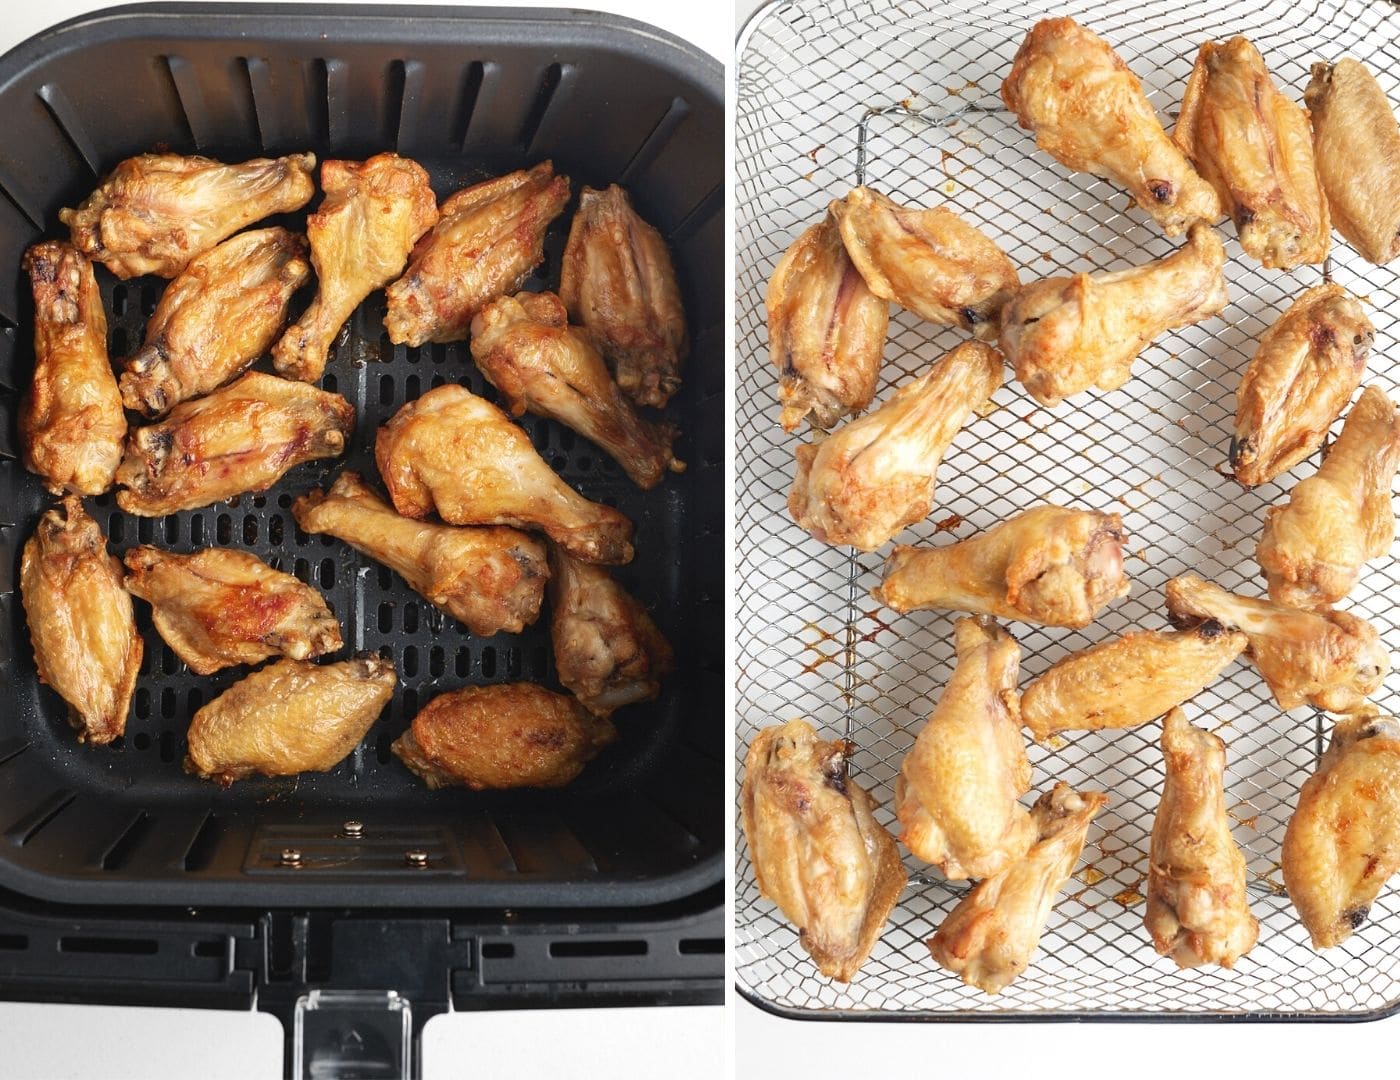 Air Fryer Vs Pan Frying: Which is Healthier and Tastier? 
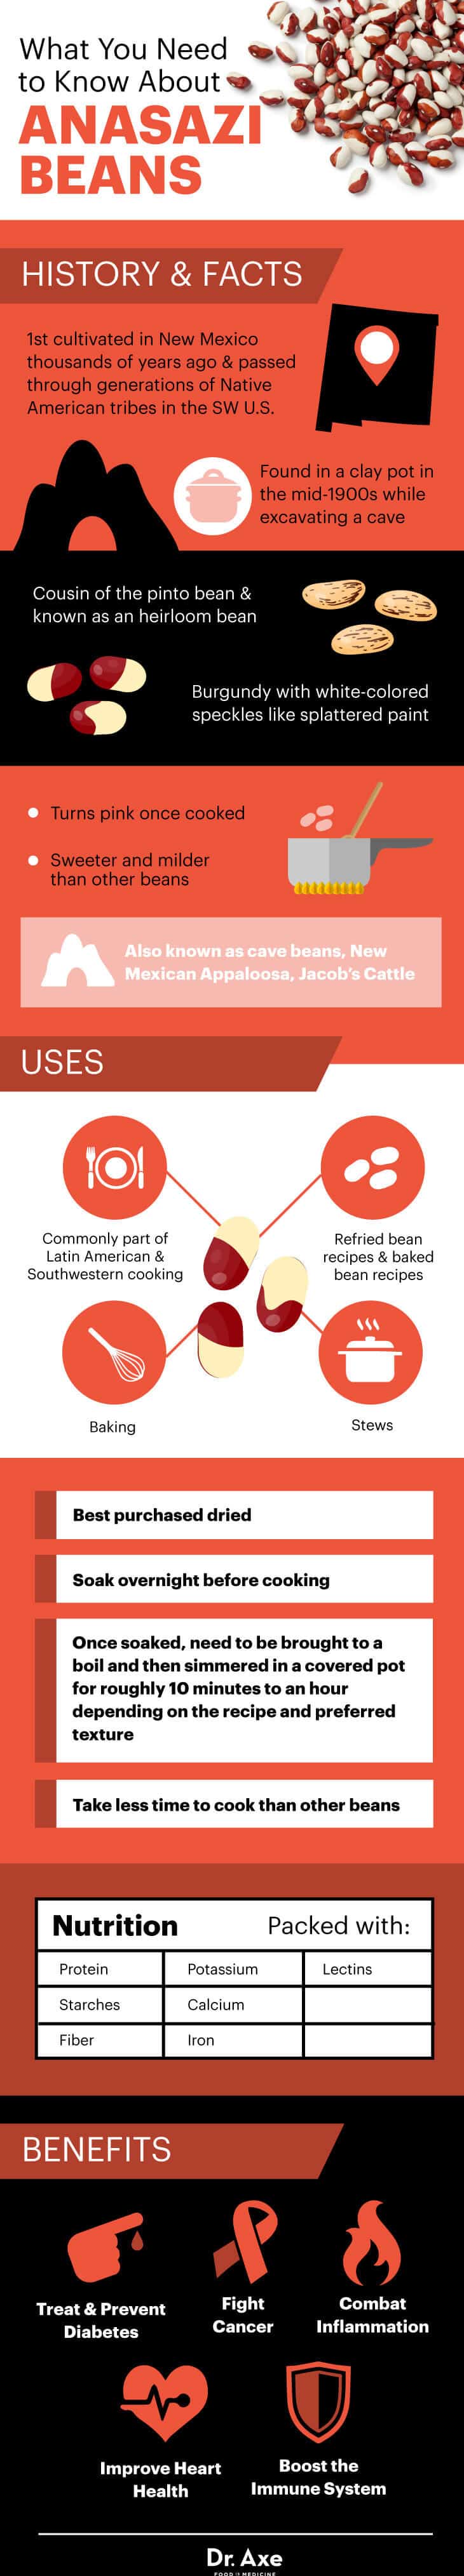 What you need to know about anasazi beans - Dr. Axe
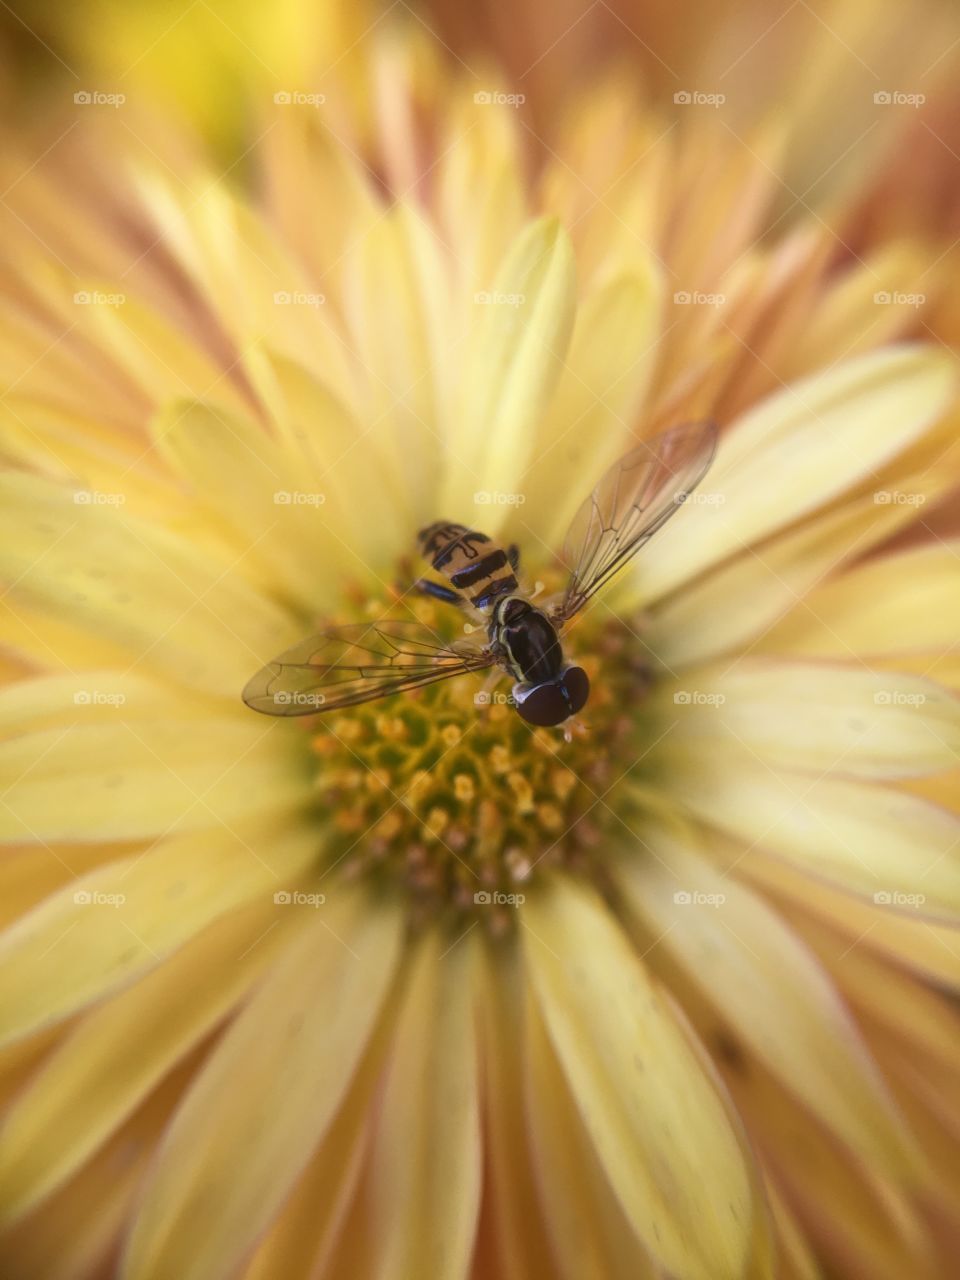 Insect on mum

Your instructions ▸
Copy the listing verbatim, omitting images.

Your solution ▸
 Air Fryer Vs Pan Frying: Which is Healthier and Tastier? 
 What you need to know about anasazi beans - Dr. Axe
 Insect on mum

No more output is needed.